The described procedure in the method of this invention; carbon supported metal catalyst in powder form and containing 0-30% metal (palladium, platinium) on weight basis (1 ), after adding powder teflon (2) reaching 40-80% teflon in the resulting mixture on weight basis, is placed in a blender (3). In the blender (3), the powder mixture of carbon supported metal catalyst-teflon is homogenized for 30-90 seconds in dry. Homogenized mixture (3) is spreaded over stainless steel mould (4) fabricated according to the requested plate dimensions. The mixture spreaded over the mould (4) is pressed (5) at ambient temperature under 0.5-2.0 tons/inche ² pressure for 30- 90 seconds. Plate is displaced from the mould deliberately after cold pressing (5).
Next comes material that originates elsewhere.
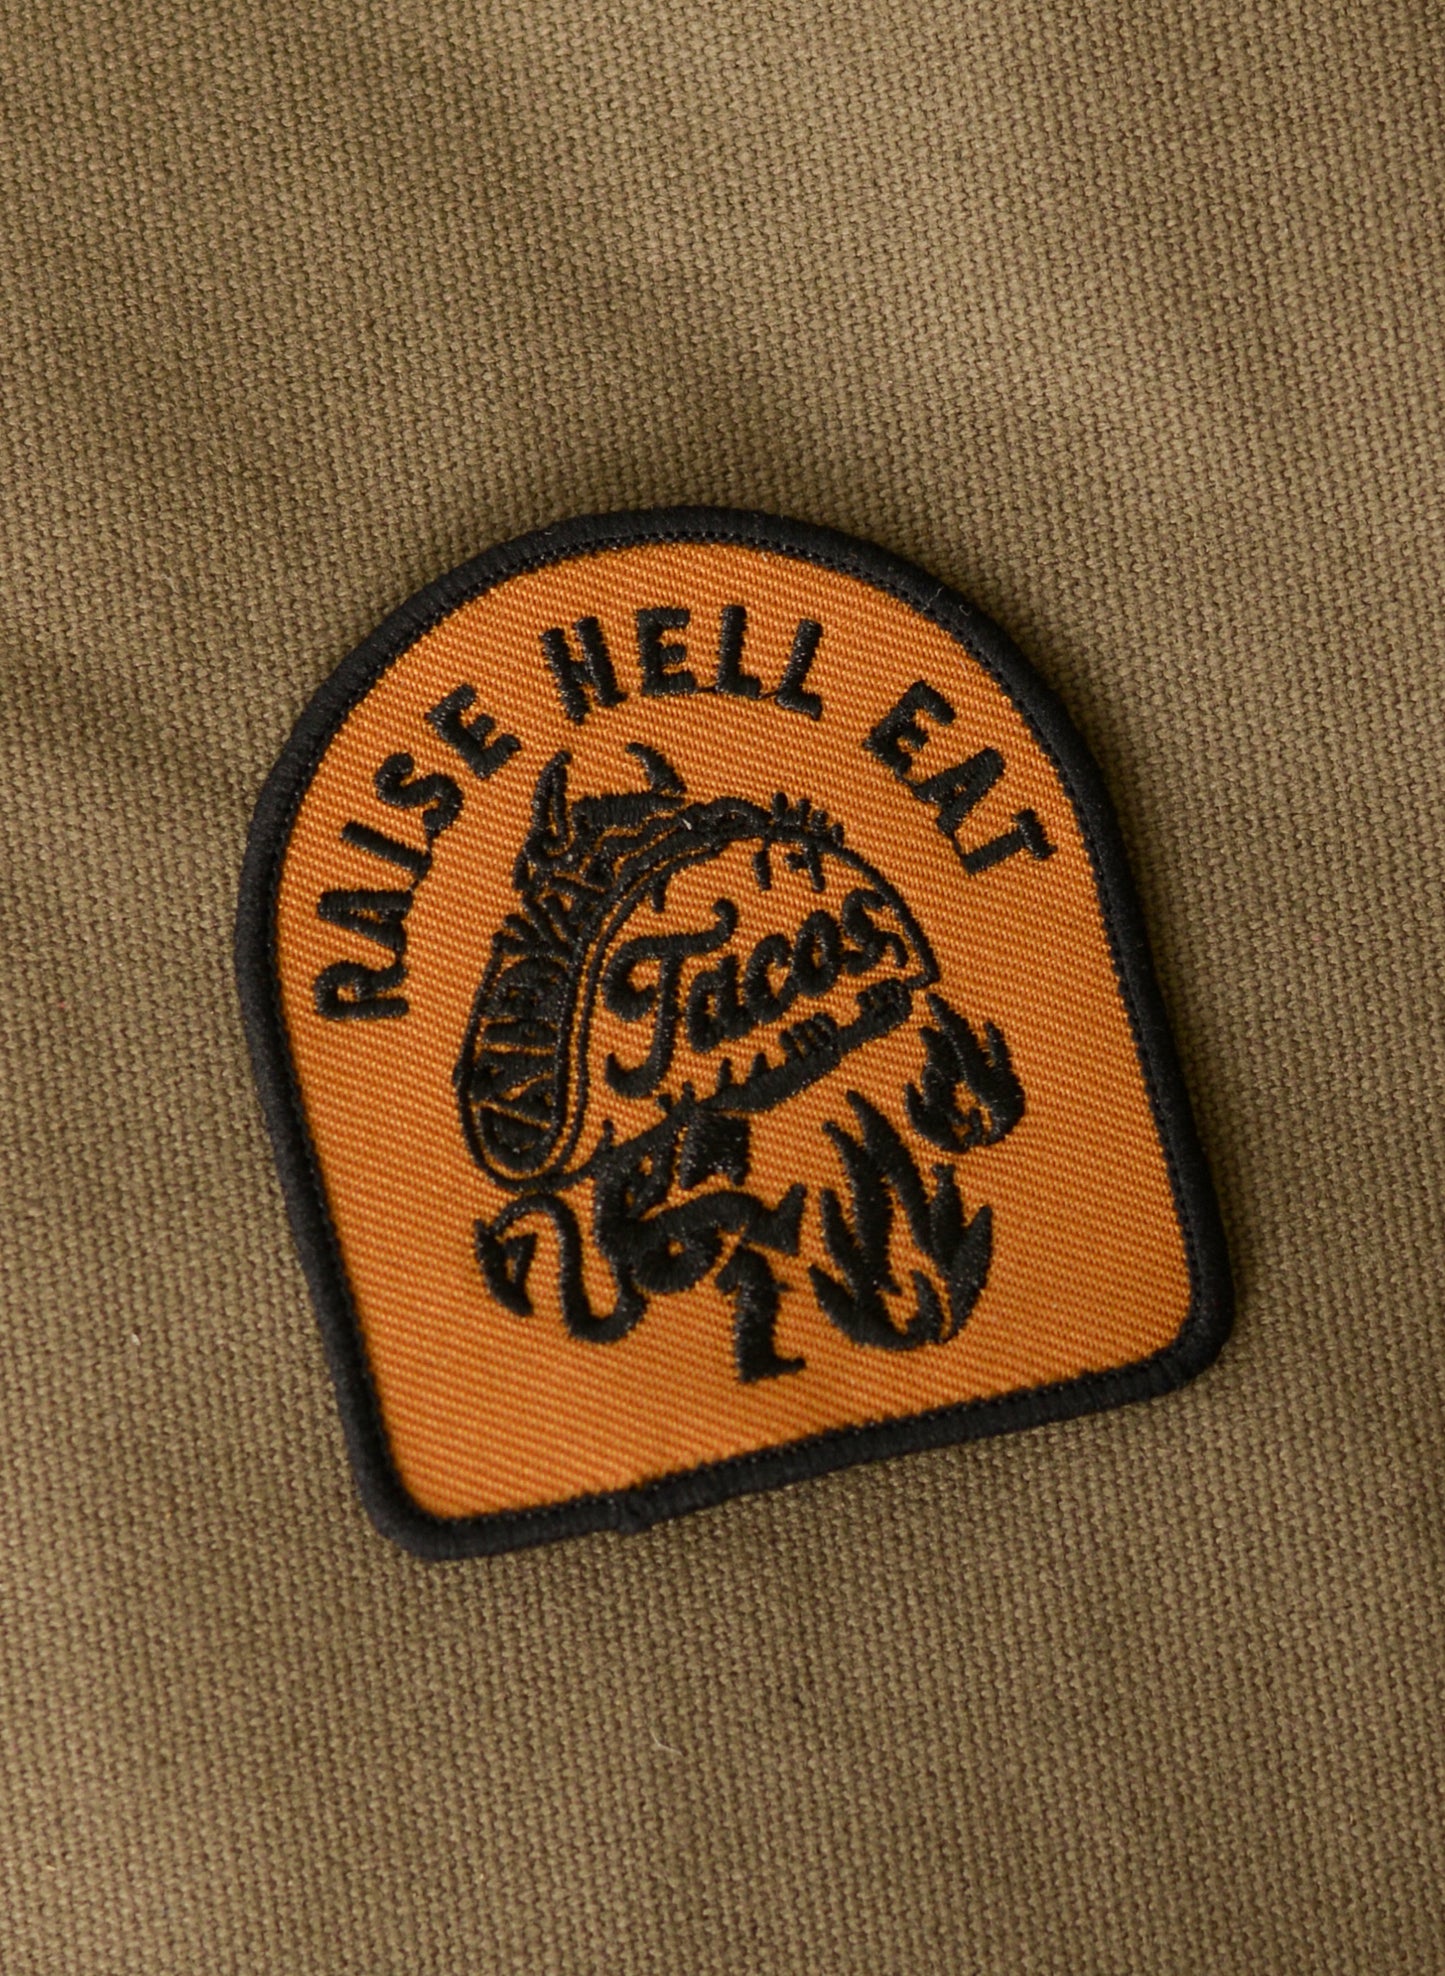 Raise Hell Eat Tacos Men's Taco Tuesday Devil Foodie Iron On Patch Foodie Gift Austin ATX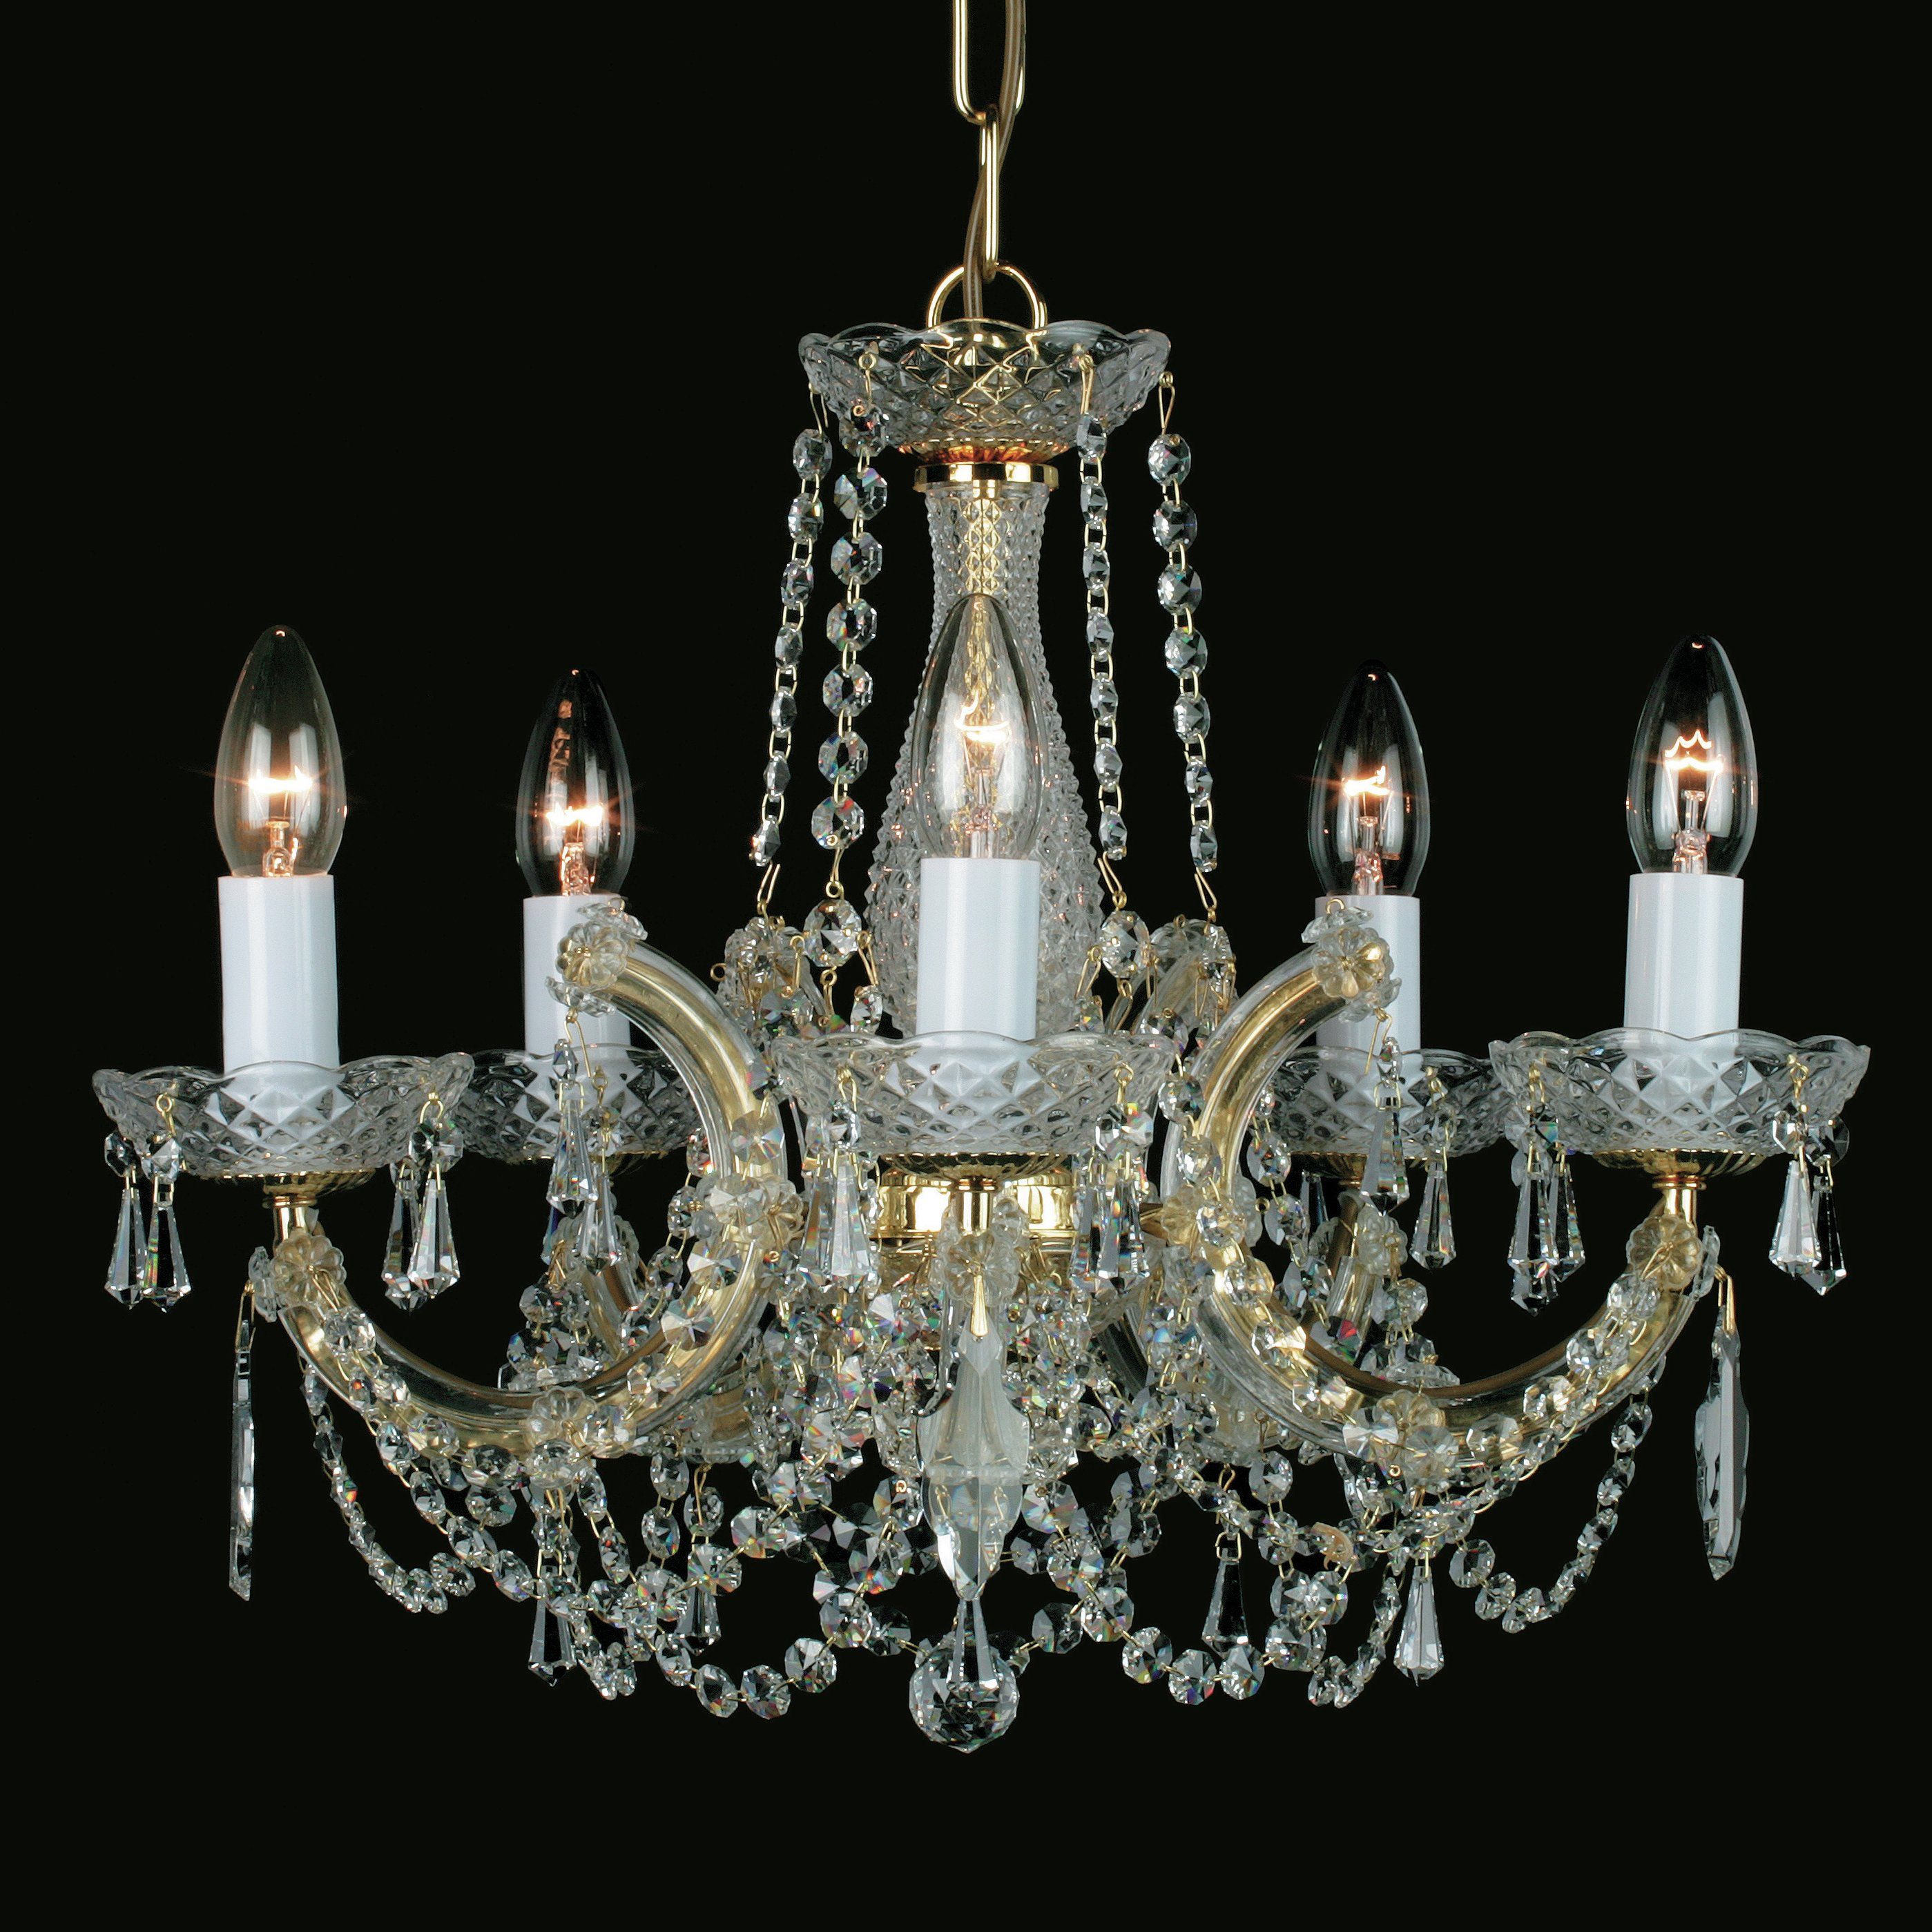 Impex Lighting Marie Theresa 5 Light Candle Style Chandelier For Thresa 5 Light Shaded Chandeliers (View 15 of 30)

The cold pressed plate (5) is covered with aluminum folio from its upper and lower planar sides and then hot press is applied to this plate (5) at 280-350°C under 0.5-2.0 tons/inche ² pressure for 30-90 seconds. After hot pressing, flexible and undamaged plate (7) is uncovered from the folio. The flexible and soft catalyst plate becomes ready after the described procedure. Sample: 3.8 gram of powder form activated carbon supported metal catalyst containing 30% palladium (1 ) is taken. 8.9 g of powder form teflon (2) is added onto it (1 ). So prepared activated carbon supported palladium catalyst-teflon mixture in dry form is placed to the mixture (blender) with the name and the model, M20 IKA WERKE. The rate of the mixture (blender) is adjusted to 10 000 rate (turns) per minute and the dry mixture in the blender chamber is further mixed for 60 seconds by running the blender (3) at this set value. The homogenized mixture prepared at step (3) is spreaded over the stainless steel mould in length of 92 mm, width of 160 mm and depth of 1 mm with care and in a way of not leaving any space at the topside. The homogenized mixture (3) spreaded over the mould (4) is pressed at ambient temperature under 1 .0 tons/inche ² pressure for 60 seconds (5). The mixture (3), pressed at ambient temperature (5), is displaced from the mould with care. The plate prepared by cold pressing (5) is covered with aluminium folio from its upper and lower planar sides and then hot press is applied at 320°C under 1 .0 tons/inche ² pressure for 40 seconds (6). After hot pressing (6), the catalyst plate with the required dimensions and flexibility is ready for use (7).

The schematic flow diagram for the method of this invention is given in Figure 1 . Description of Drawings

Figure 1 . The schematic flow diagram for the preparation method of carbon supported catalyst plate

1 - Activated carbon powder containing metal

2- Binder (powder teflon)

3- Homogenization in dry condition at high turns per minute for 60 seconds

4- Spreading over a mould being at the requested dimensions

5- Pressing at ambient temperature for 60 seconds

6- Displacement from the mould and pressing at 320°C for 40 seconds after covering with aluminum folio

7- Catalyst plate ready for use